AKP Genel Başkanı ve Başbakan Recep Tayyip Erdoğan’ın salı günü TBMM’de yaptığı konuşma hala tartışılıyor. Erdoğan, o günkü konuşmasında 12 Eylül faşist cuntası döneminde asılan iki mahkumun ardından gözyaşı döktü. Aradan geçen 30 yıl içinde darbecilerden hesap sormak için ne yaptığına ilişkin tek bir cümle ise söyleyemedi…
Söyleyemez de…
Çünkü; Erdoğan ve o’nun siyasi geleneği, darbecilerden hesap soramaz… Hesap sorabilmesi için, önce darbe karşıtı bir tutum sergileyebilmesi gerekir… Oysa biliyoruz ki; bugün AKP’yi ayakta tutan zemin, 12 Mart - 12 Eylül faşist cuntasınca hazırlanmış ve sağlamlaştırılmıştır. AKP de 12 Eylül faşizmine olan diyet borcunu, Kenan Evren’i hasta yatağında ziyaret ederek, Çankaya Köşkü’nde ağırlayarak, Evren’in üniversitelerdeki celladı İhsan Doğramacı’yı baş tacı haline getirip TBMM Onur Ödülü vererek ödemiştir.
Bugün AKP’nin üzerinde yükseldiği zeminin temel taşları, 12 Eylül’de döşenmiş, faşist cunta, solu ve sosyal demokratları yok etmiş, MHP kökenli ülkücüleri ise “Türk – İslam Sentezi’’ adlı faşist ideolojiyle donatarak siyasal İslamcı güçlere yedeklemiştir.
AKP ve öncülleri, işte bu siyasal ortam içinde filizlenmiş, kadrolarını oluşturmuş Doğramacı yönetimindeki YÖK’ün yok ettiği üniversitelerde rahatça örgütlenebilmiştir. Siyasal İslamcı kadroların hazırlanması ise yine Evren döneminde getirilen “zorunlu din dersi” ile sağlanmıştır. Sünni İslam idelojisinin dayatıldığı dersler, gencecik beyinleri “itaatkar” hale getirerek “araştırmayan – sorgulamayan – soru sormayan” bir neslin ortaya çıkmasına sebep olmuştur. AKP’nin üzerine oturduğu sosyal taban işte budur…
AKP ve öncülleri, özellikle üniversite gençliğinin apolitikleştirilmesiyle birlikte siyaset sahnesinde daha rahat ‘’at oynatma fırsatı” yakaladı. Zira; siyasetten uzak tutulan gençlik, devlet için o dönem en zararsız “ideoloji” olan “İslam”a yönlendirildi. Gençliğin “solcu olmaması” için din taciri tarikat ve cemaatlerin önü açıldı. ABD ve AB’nin çıkarlarını korumakla yükümlü olan faşist cunta, gençliği “yabancı ideolojilerden koruma” adına “Sünni İslam’’ anlayışını hakim ideoloji haline getirdi.
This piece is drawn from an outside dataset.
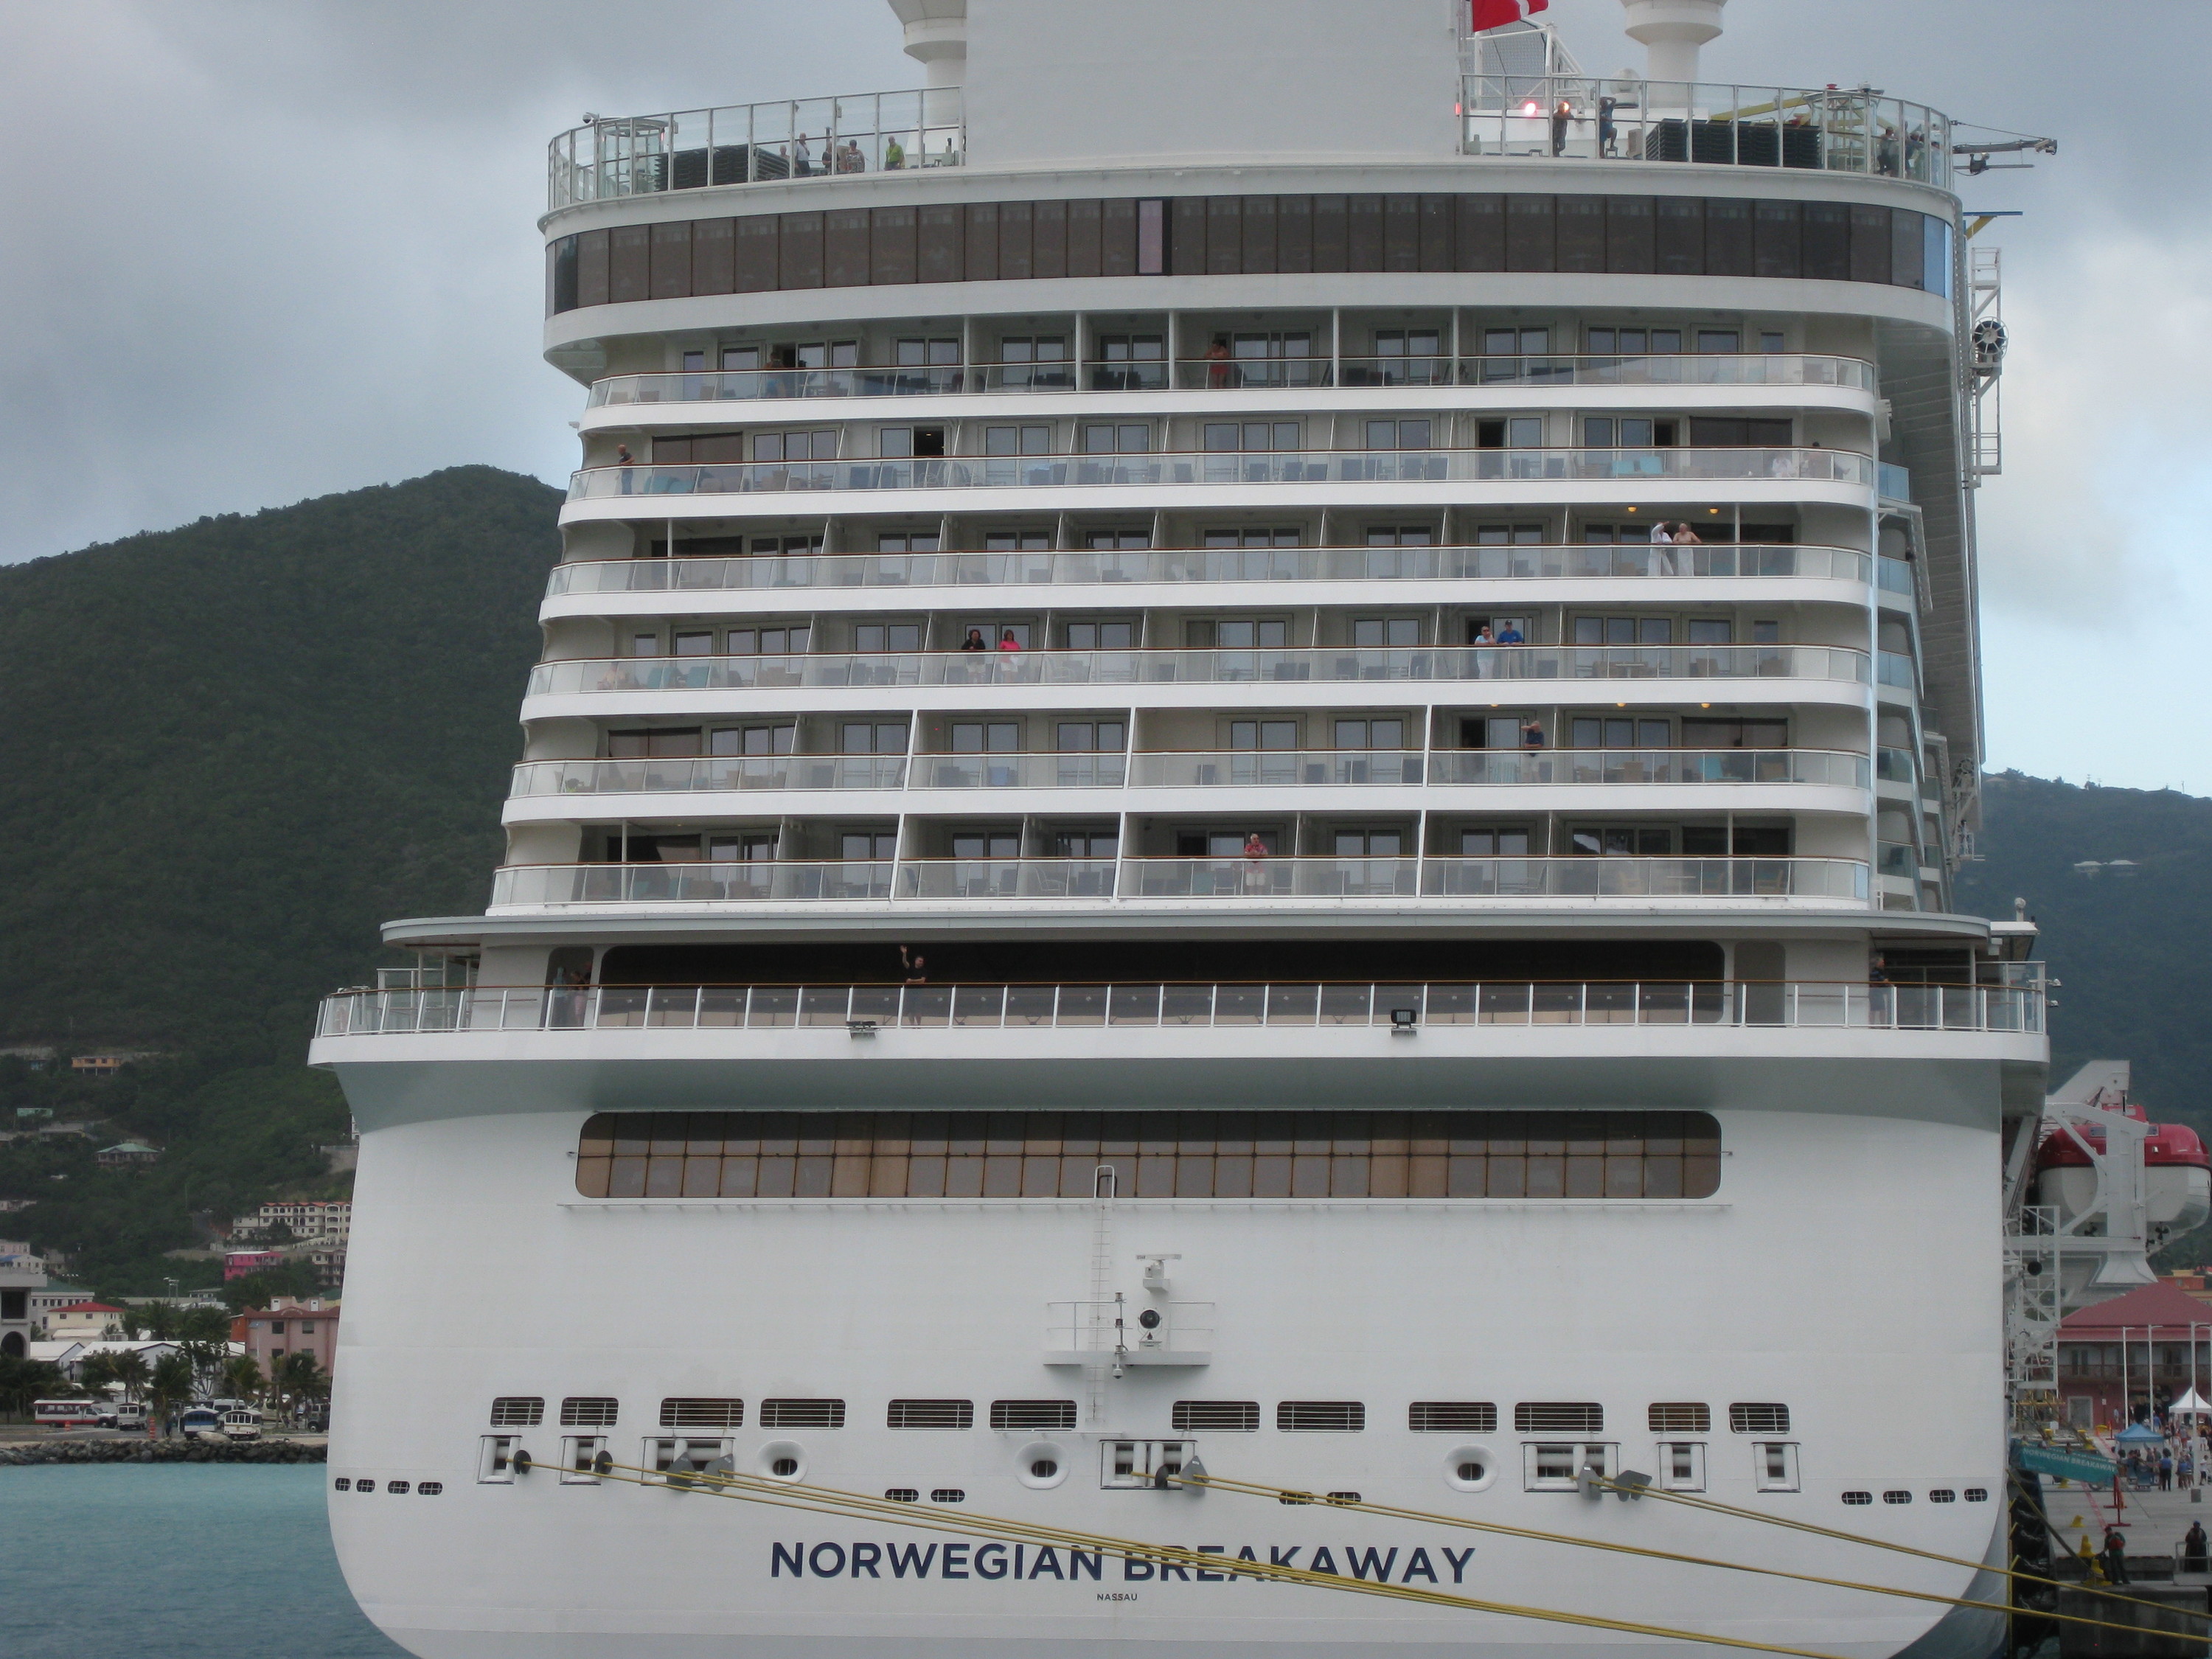 Norwegian Breakaway in Tortola

Yine 12 Eylül eliyle kurumsallaştırılan MGK, bu politikanın uygulanabilmesi için devleti yeniden dizayn etti. İslam’ın ‘’itaatkar’’ anlayışının rejim için tehlike arz etmeyeceğini düşünen dönemin MGK yöneticileri, devletin en önemli kurumlarını cemaatlere teslim etti. Bugün sözde darbe karşıtı olanlar, o dönem, MGK ile el ele vererek, “devleti solculardan temizleme harekatı”nın aktörlüğüne soyunmuştu.
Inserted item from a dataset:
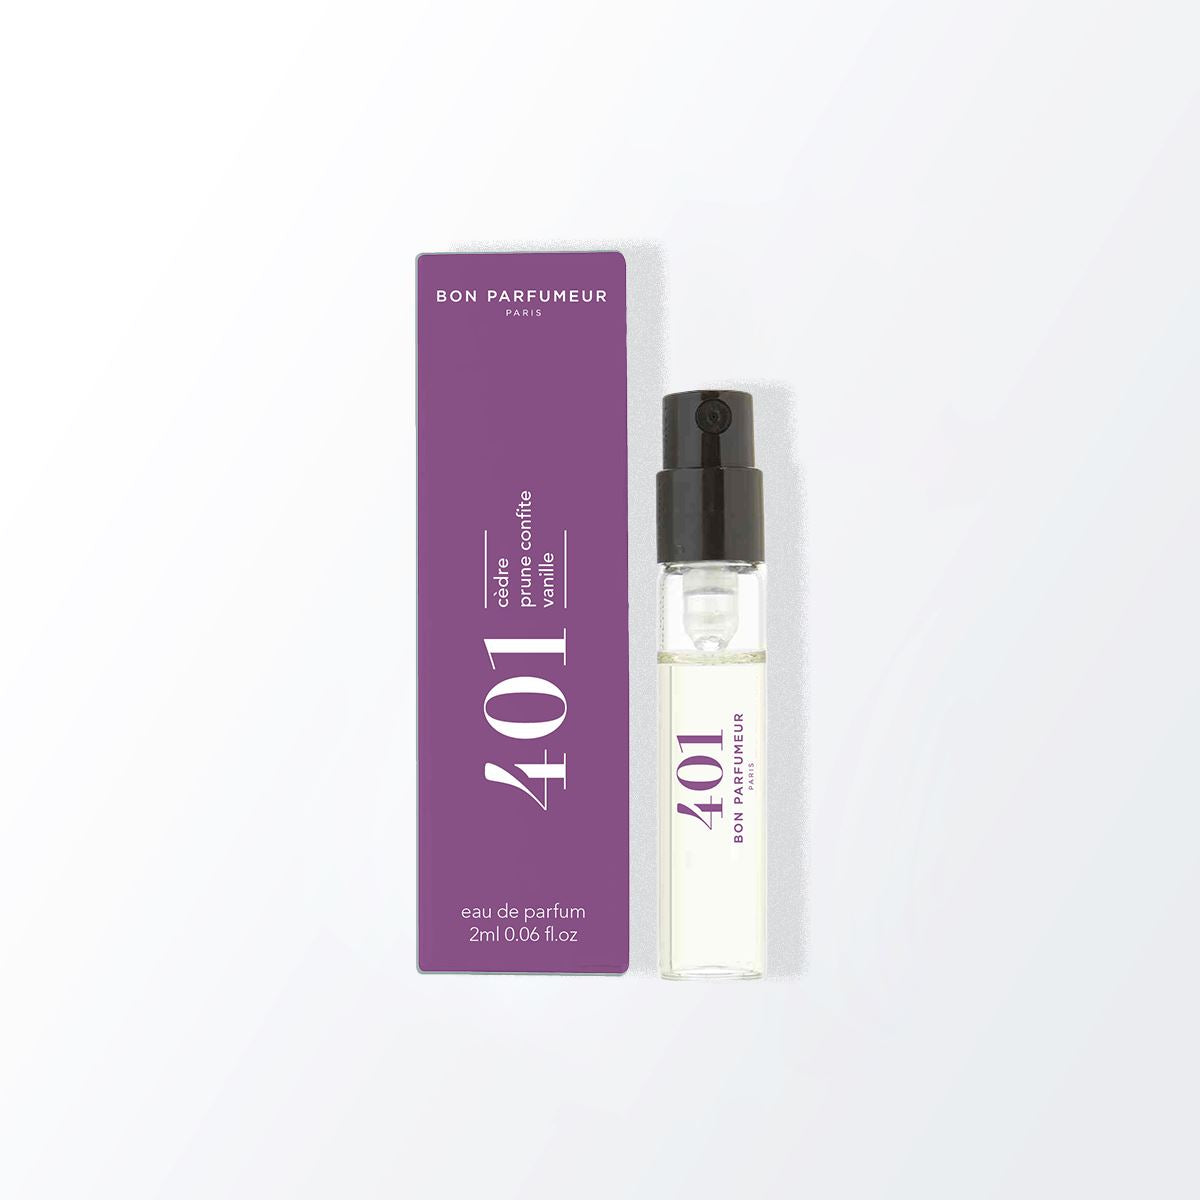 Spray parfumé payant Bon Parfumeur 401: Cèdre, prune confite, vanille

Faşist cunta “sol”a ilişkin ne varsa yok etti. Solun karşısına çıkardıkları, besleyip büyüttükleri, eline silah verdikleri MHP ve ülkücüler de bu ‘’temizleme harekatı’’ndan payını aldı. Devlet ‘’tarafsız’’ görünmek adına, ülkücülerin bir kısmını da içeri attı. Faşist katliamların üzerinin örütülebilinmesi için “Sağ- Sol çatışması var” edebiyatı yangınlaştırıldı.
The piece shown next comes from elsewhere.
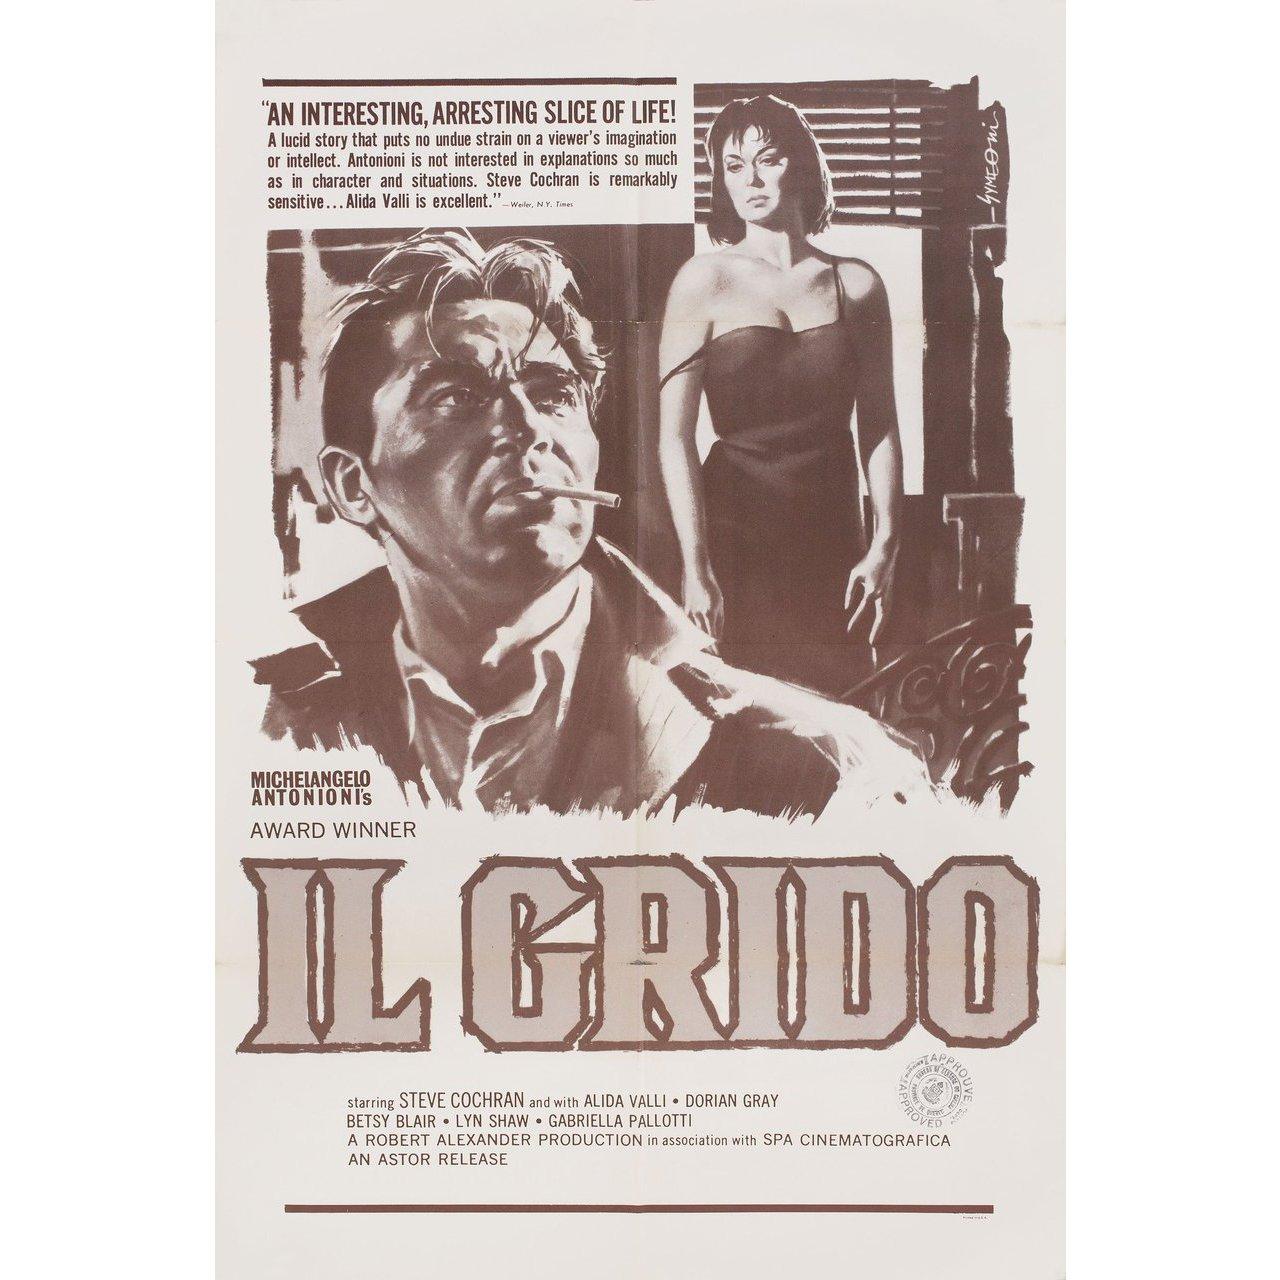 Originales US-Plakat von 1957 für den Film Il Grido (Der Schrei) von Michelangelo Antonioni mit Steve Cochran / Alida Valli / Betsy Blair / Gabriella Pallotta. Sehr guter Zustand, gefaltet mit Zensurstempel. Viele Originalplakate wurden gefaltet

Oysa; sağ- sol çatışması adı verilen olaylar, devletin bazı kesimlerinin “sol - sosyalist mücadeleyi bastırma” adına düzenlediği provokasyonlardı. Sol mücadele yükseldikçe, bundan ürken sermaye sahipleri ve devletin bazı kesimleri, çareyi ‘’ülkücüleri silahlandırmakta’’ buldu. Ülkücüler “solu bastırma” adına bu operasyonlarda kullanıldı. Ancak, bu operasyonlar direnişle karşılaşınca, 12 Eylül yönetimi, bizzat müdahale etmek zorunda kaldı. 12 Eylül darbesiyle birlikte, MHP ve ülkücü komandoları örgütleyen gizli eller de kendini saklayabildi. ‘’İçeri atılan’’ ülkücülerin bir kısmı, cezaevlerinde “rehabilite” adı altında uygulanan program sonrası, cemaatlere teslim edildi. Bugün İslamcı cemaatlerin sözde fikir babaları, geçmişin ülkücüleriydi.
Siyasal zemini “sağ” ve “sol”dan temizleyen cunta, yukarıda da ifade etiğimiz üzere, alanı siyasal İslamcılara bıraktı. Böylece, kentlerin varoşları, devlet yurtları, kamu işletmeleri “devletin uslu çocukları”nın oyun alanı haline geldi.
Yaptığı işkence ve eziyetlerin deşifre olmaya başlamasıyla birlikte “demokrasiye geçmek zorunda kalan” cunta, oyuna bu kez Turgut Özal ve ekibini soktu. Cuntanın sivil uzantısı olan Anavatan Partisi, 12 Eylül programını uygulamakla görevlendirildi. SİVİL Özal döneminde, devrimciler yine İDAM EDİLDİ. Askeri cuntanın bir dediği iki edilmedi. Özal, toplumu siyasetten uzak tutma adına ne gerekiyorsa onu yaptı. Cuntacıların sadık bir elemanı oldu. Bunun ödülünü de Çankaya’ya çıkartılarak aldı. Ailesi Türkiye’yi “sebepsiz zenginleşme” ve “türedi zengin” kavramlarıyla tanıştırdı.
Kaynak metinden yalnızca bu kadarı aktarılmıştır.